The accusations regarding Saudi oil money are much more serious than the Jordanian government funding (wholly or partially) a zawiyah for the shaikh, if they have done. The accusations include, for example, that oil money persuaded publishing houses in Beirut to publish editions of classical texts with bits whited out, so as to obscure negative references to Wahhabism. One brother told me that in discussions with local “salafis” in south London, when he brought up the topic of “salafis” re-writing parts of classical texts to suit their agenda, to an extent that Shaikh Nuh had to travel all the way to Hadramaut to find an edition of a book by Imam Nawawi that had not been tampered with, they defended the practice. How do you think Shaikh Nuh has been influenced by Jordanian money?
Sh. Nuh is not a scholar of fiqh or any other major Islamic science. His murids will counter that he translated Umdat al-Salik. This text is a beginners texts in the Shafi school memorized in the past by children. Until Sh. Nuh’s murids are able to accept legitimate critique like the one above, the only thing they can be labled as is a cult.
This betrays the ignorance of this commentator. Reliance of the Traveller is much more than a translation of that book, as anyone who has read it will know. It contains substantial material extracted from other classical Islamic texts, not just from the Shafi’i madhhab; some of these are to explain matters raised in the book, some of them address aspects of obligatory knowledge to a depth not reached by the original book, and some of them addressing modern Islamic issues, and there are also explanatory notes by contemporary scholars, particularly his own shaikhs. It certainly is not a book for children; even the original text addresses issues no adult would discuss with a child.

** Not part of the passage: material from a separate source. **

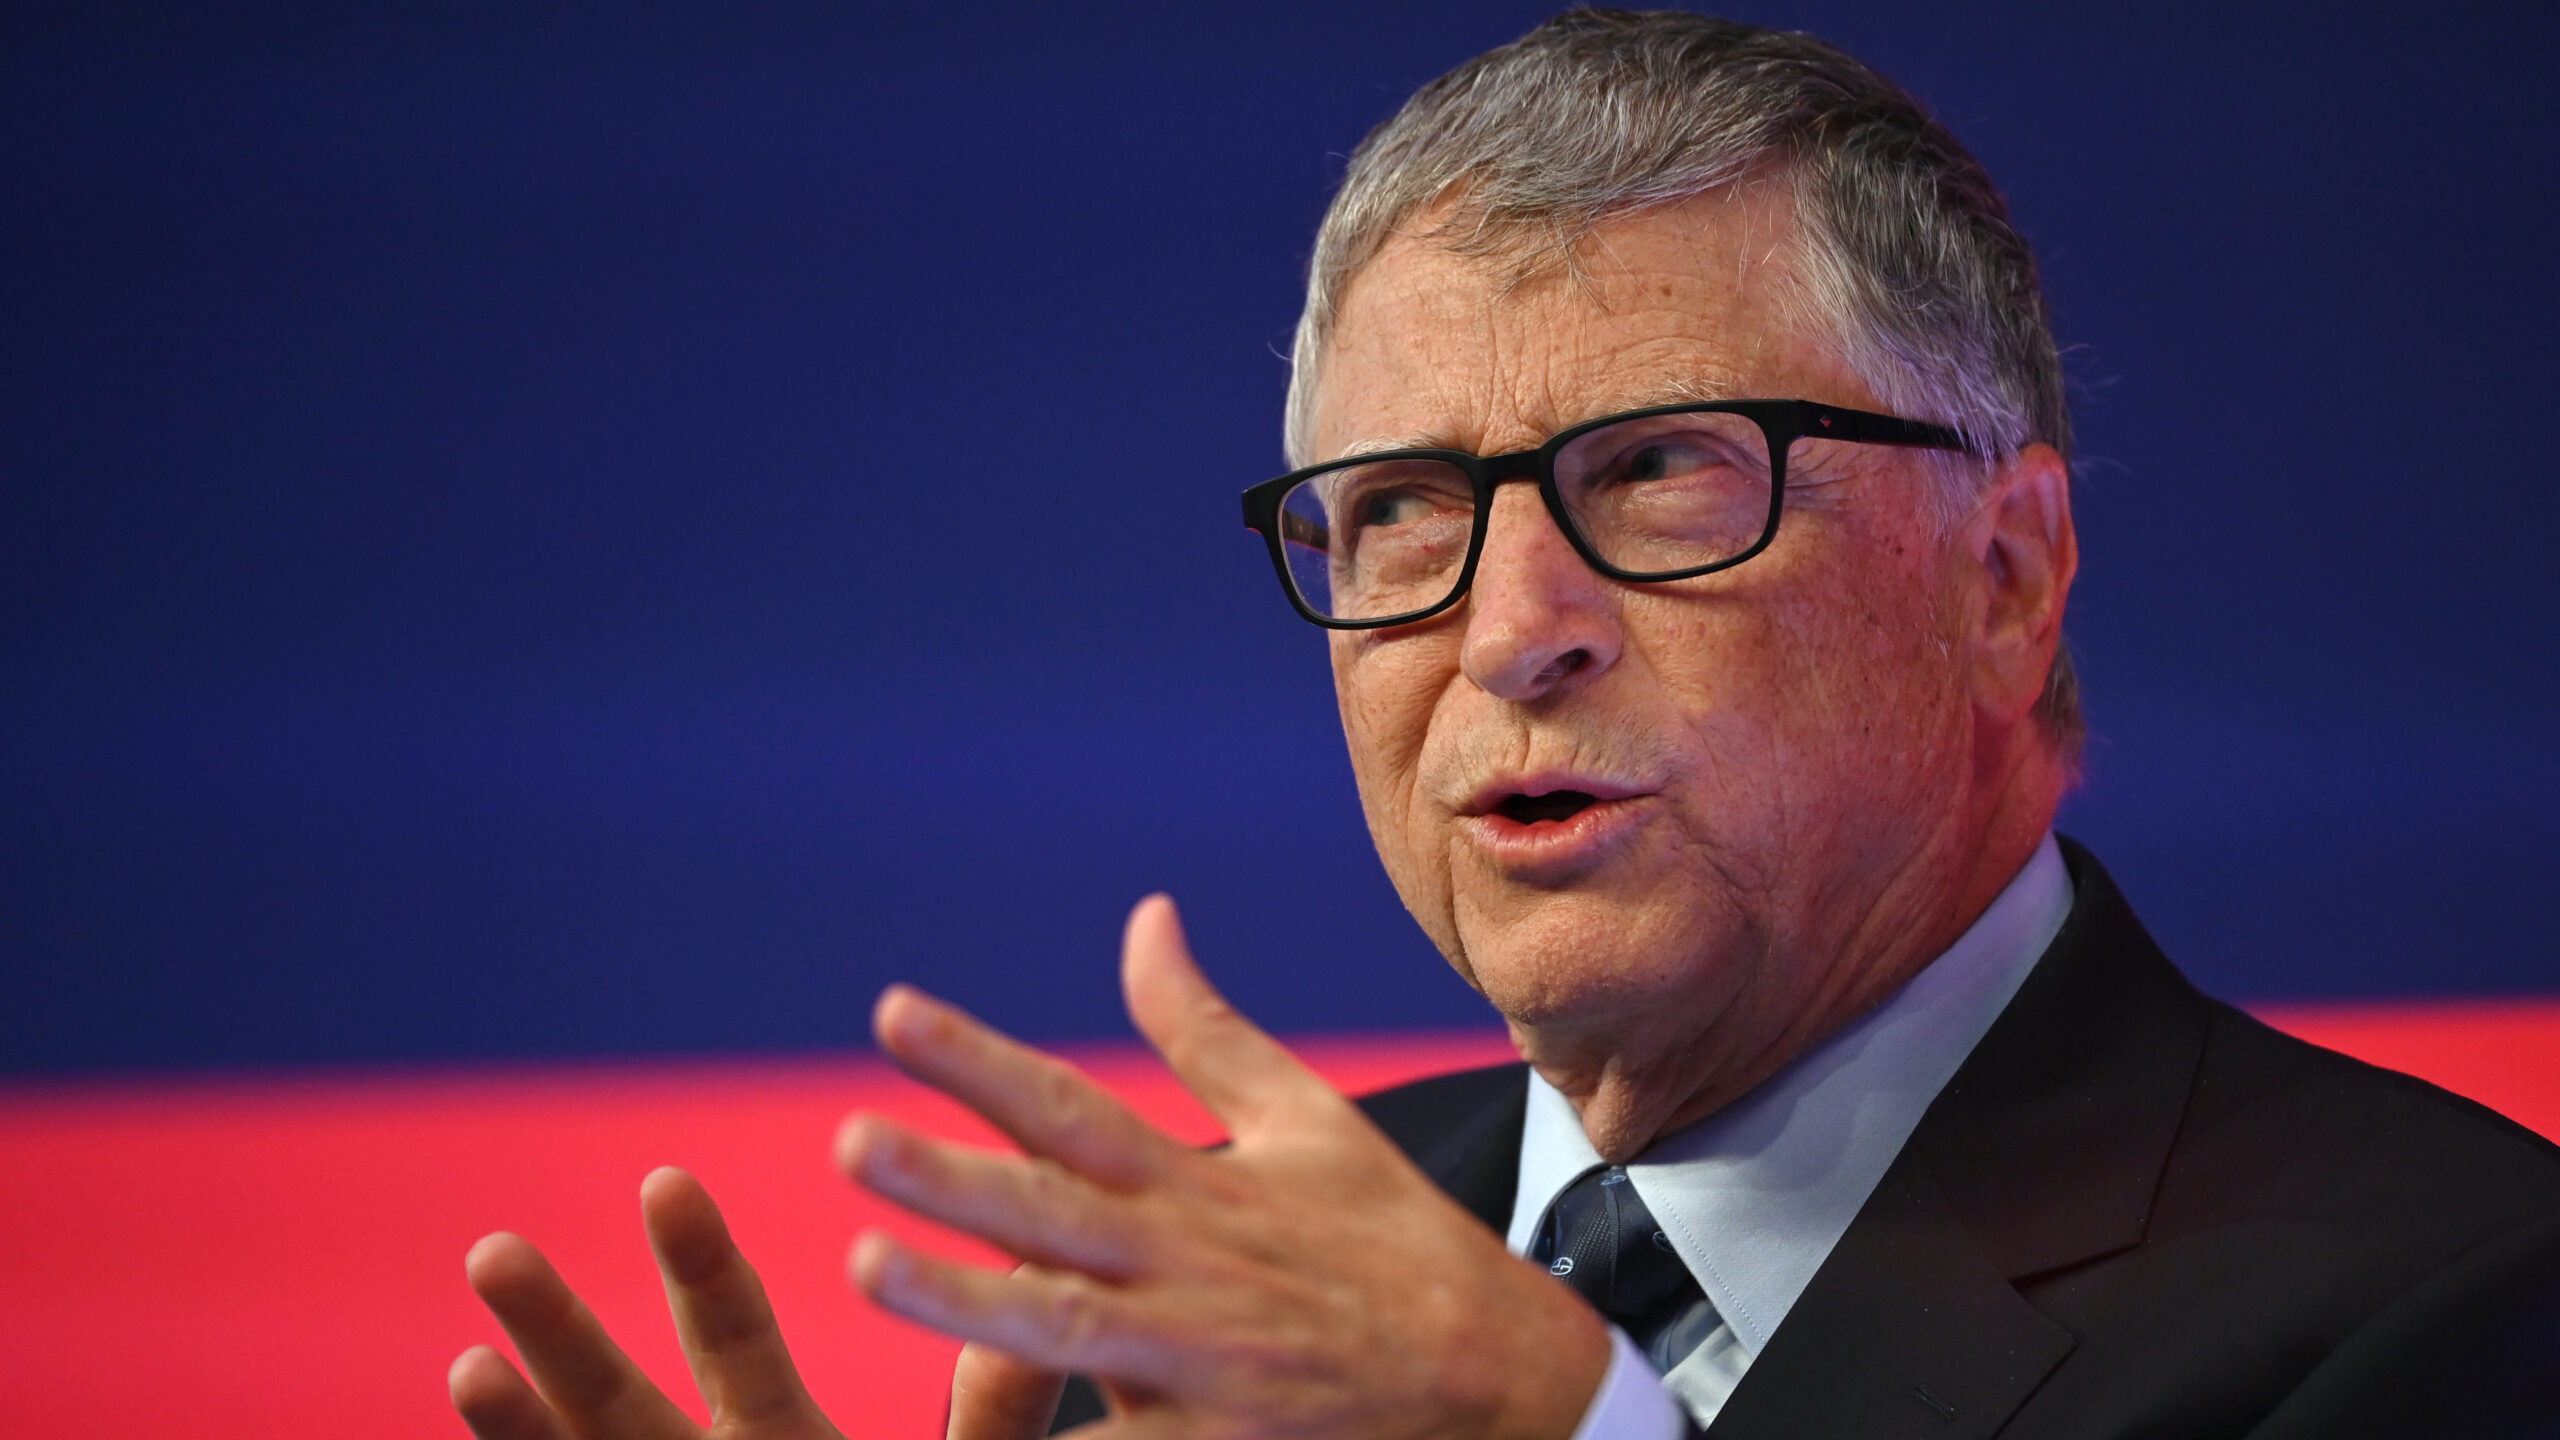 Bill Gates made remarks about the future possibility of a civil war and a hung election, according to Forbes.

In short, this man wants to make out Shaikh Nuh to be little more than someone who has attended a few basic lessons and received token ijaazas and made himself a shaikh on the back of that. As far as I know, the shaikh does not claim to be a mujtahid and nobody believes him to be other than a teacher of Islam who is authorised to transmit the Shadhili tariqa. In my experience, his students are very dignified in response to the attacks on the shaikh and his shuyookh from activists of the “salafi” sect; they have provoked nothing like the furious emotional outcry which greets any suggestion that certain other shaikhs are not what they are made out to be.
Shaikh Nuh’s students are among the least cult-like Muslims I’ve ever come across; in contrast to some subcontinental tariqa groups, the students are not required to avoid other shaikhs other than when they are actually teaching Sufism. They are not required to boycott any other Muslims and I have never heard any of them express an attitude of contempt for Muslims outside the tariqa, and they hold some of their dhikr meetings in mosques (at least two in London). In addition, participation in the tariqa is voluntary on both sides, and the student can quit any time he likes.
I call upon Saad Abdullah to present his evidence if he has any, otherwise to make tawba and fear Allah. The communities in which Shaikh Nuh and Shaikh al-Ya’qoobi live have had years to observe and complain about their behaviour if there was any complaint to make, and many would do so readily if they could, and yet we have to wait for him to pop up on Umar Lee’s blog to find all this out! Put up if you have anything to put up, or shut up!